The remainder obtained when the polynomial `x+x^(3)+x^(9)+x^(27)+x^(81)+x^(243)` is divided by `x^(2)-1` is (a)6x+1 (b)5x+1 (c)4x (d)6x

To find the remainder of the polynomial \( P(x) = x + x^3 + x^9 + x^{27} + x^{81} + x^{243} \) when divided by \( x^2 - 1 \), we can use the Remainder Theorem. The theorem states that the remainder of a polynomial \( P(x) \) when divided by \( x - c \) is \( P(c) \). Since \( x^2 - 1 = (x - 1)(x + 1) \), we will evaluate the polynomial at \( x = 1 \) and \( x = -1 \). ### Step 1: Evaluate \( P(1) \) Substituting \( x = 1 \) into the polynomial: \[ P(1) = 1 + 1^3 + 1^9 + 1^{27} + 1^{81} + 1^{243} \] Calculating each term: \[ P(1) = 1 + 1 + 1 + 1 + 1 + 1 = 6 \] ### Step 2: Evaluate \( P(-1) \) Substituting \( x = -1 \) into the polynomial: \[ P(-1) = -1 + (-1)^3 + (-1)^9 + (-1)^{27} + (-1)^{81} + (-1)^{243} \] Calculating each term: \[ P(-1) = -1 - 1 - 1 - 1 - 1 - 1 = -6 \] ### Step 3: Form the remainder polynomial The remainder when dividing by \( x^2 - 1 \) can be expressed in the form \( R(x) = ax + b \).

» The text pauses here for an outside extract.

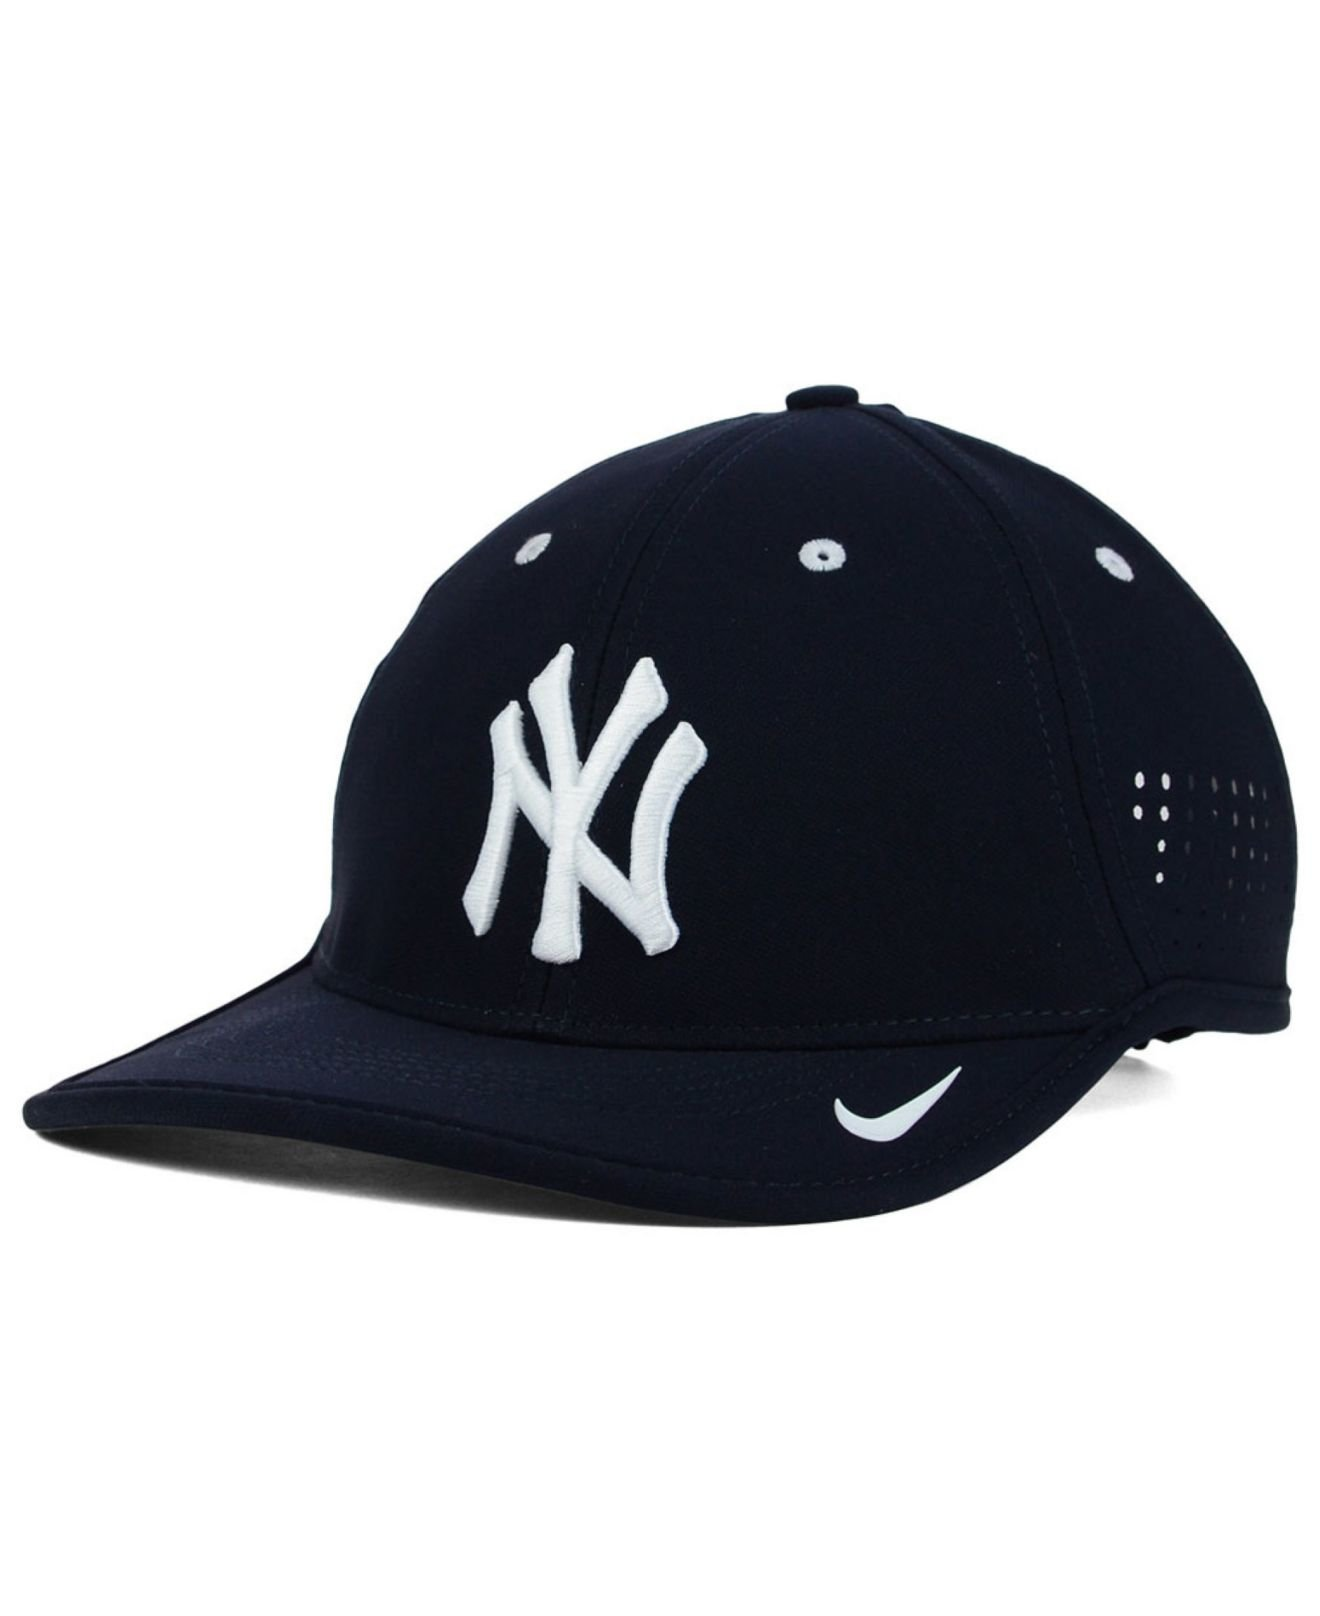 ea80c7a66b6 ... netherlands lyst nike new york yankees vapor swoosh adjustable cap in  blue for men 8531b 8437c

We have two equations from our evaluations: 1. \( R(1) = a(1) + b = 6 \) 2. \( R(-1) = a(-1) + b = -6 \) This gives us the system of equations: 1. \( a + b = 6 \) (Equation 1) 2. \( -a + b = -6 \) (Equation 2) ### Step 4: Solve the system of equations Subtract Equation 2 from Equation 1: \[ (a + b) - (-a + b) = 6 - (-6) \] This simplifies to: \[ 2a = 12 \implies a = 6 \] Substituting \( a = 6 \) back into Equation 1: \[ 6 + b = 6 \implies b = 0 \] ### Step 5: Write the final remainder Thus, the remainder \( R(x) \) is: \[ R(x) = 6x + 0 = 6x \] ### Conclusion The remainder obtained when the polynomial \( x + x^3 + x^9 + x^{27} + x^{81} + x^{243} \) is divided by \( x^2 - 1 \) is \( 6x \). ### Answer The correct option is (d) \( 6x \).